The most dangerous aspect of the charter is the grievance mechanism: Investor-State Dispute Settlement. It enables a corporation to sue a country for decisions that may negatively impact their profits. Companies are even applying it to challenge progressive national climate policies, such as phasing out coal (Netherlands), banning off-shore oil drilling projects (Italy), or laws that put an end to fossil fuel extraction (France).

The Investor-State Dispute Settlement is a parallel system that can be used to bypass domestic courts, and national and EU law. Indeed, the Energy Charter is the treaty most invoked for investor-state arbitration, including the RWE case.

The Energy Charter Treaty is now the target of a campaign organized by a broad coalition of activist groups, including the Transnational Institute and Corporate Europe Observatory, both partly funded by the Open Society Foundations. Over a million people have signed a petition calling on the EU and its member states to withdraw from the treaty altogether, highlighting that “it allows coal, oil, and gas corporations to obstruct the transition to a clean energy future.”

Similar provisions are found in thousands of trade and investment agreements between an investor’s home country and the countries that host their operations.

Critics have long argued against the Investor-State Dispute Settlement system in global trade deals, arguing that the structure inherently favors foreign companies because they are the only stakeholders that can use it to initiate claims.

More profoundly, it can hinder countries’ ability, for example, to advance policies to protect people and the planet, including labor rights, Indigenous rights, or environmental protections that follow through on their climate pledges. In one recent example, Peru lifted highway tolls in response to the COVID-19 pandemic, which led to threats of Investor-State Dispute Settlement litigation by the foreign operators—despite the pressing and urgent threat to public wellbeing.

The status of the Energy Charter under EU law (and, in consequence, the RWE case) remains unclear. Recently, the advocate general of the Court of Justice of the European Union questioned the legality of the Energy Charter Treaty in a case before the court, saying “ISDS in intra-EU disputes is indeed not allowed under EU law”. This opinion highlights the manner in which ISDS is exploited by Western companies to challenge developing countries, but prohibits it within their own region.

The climate crisis is bringing Investor-State Dispute Settlement mechanisms back in the public eye in Europe—especially since negotiations are underway to “modernize” the Energy Charter Treaty.

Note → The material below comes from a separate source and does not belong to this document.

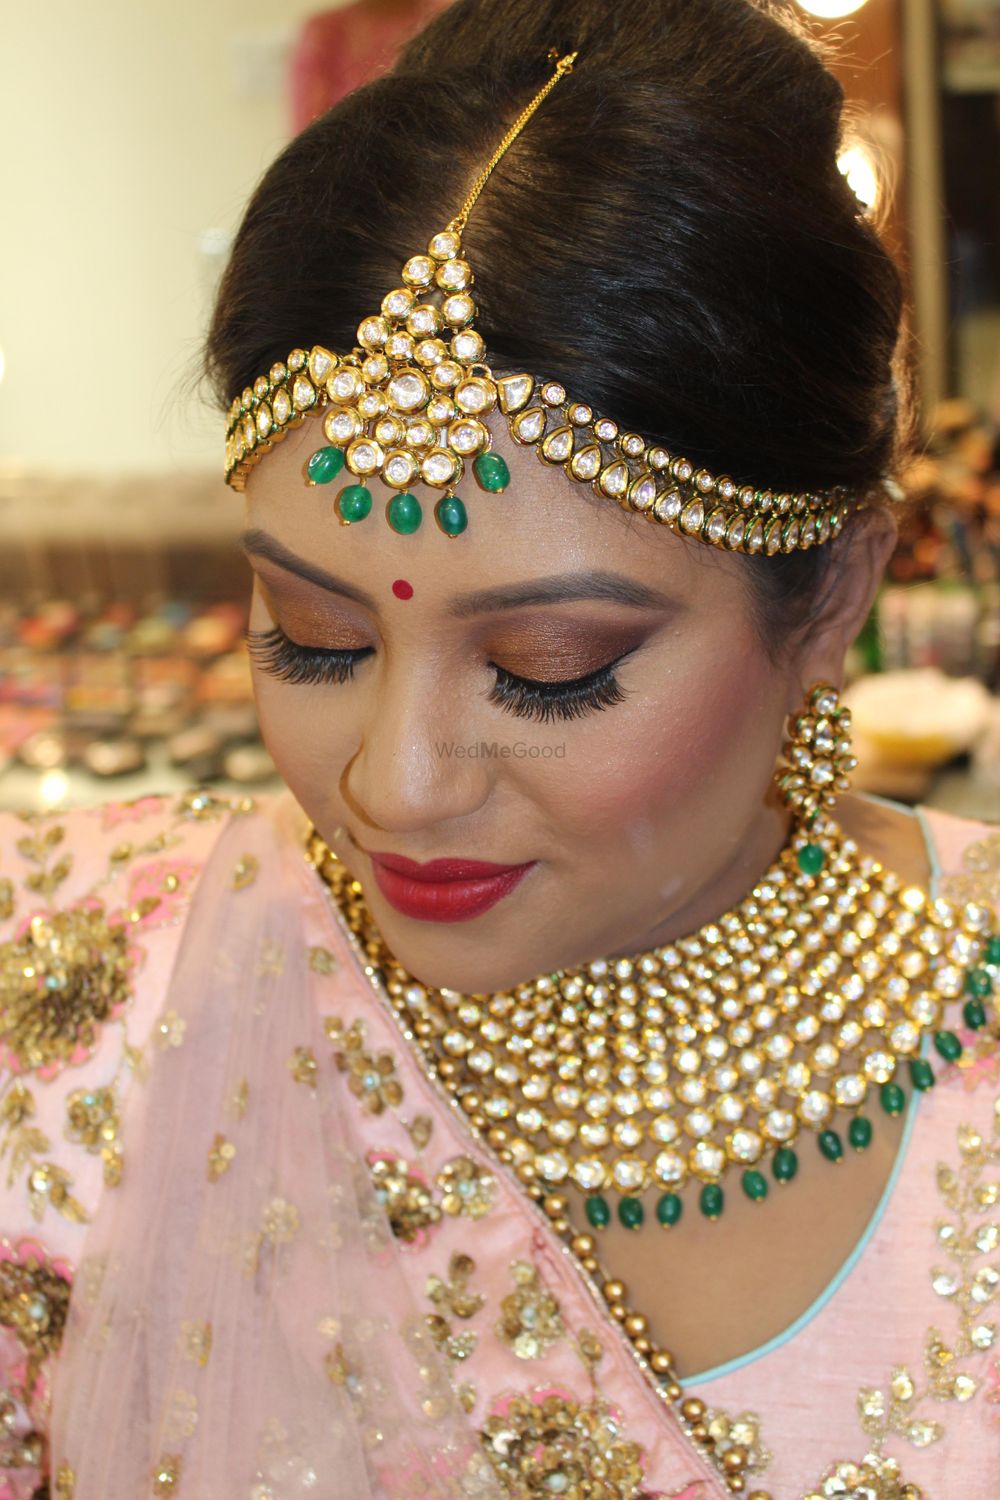 Photo From Akshita's Day Wedding - By Shades Makeup by Shrinkhala

Unfortunately, this includes an effort to expand its membership to energy producers in Latin America, Africa, and Asia. Members of the Energy Charter Treaty need to recognize that the world has changed. The pressures of the climate crisis demand that governments make bold decisions about their energy policies, including to meet their emission commitments under international agreements.

It is long overdue that we rethink the goals of trade and investment agreements. Investor-State Dispute Settlement provisions do not protect public interest, nor do they promote equitable trade and investment. It is time for a new approach.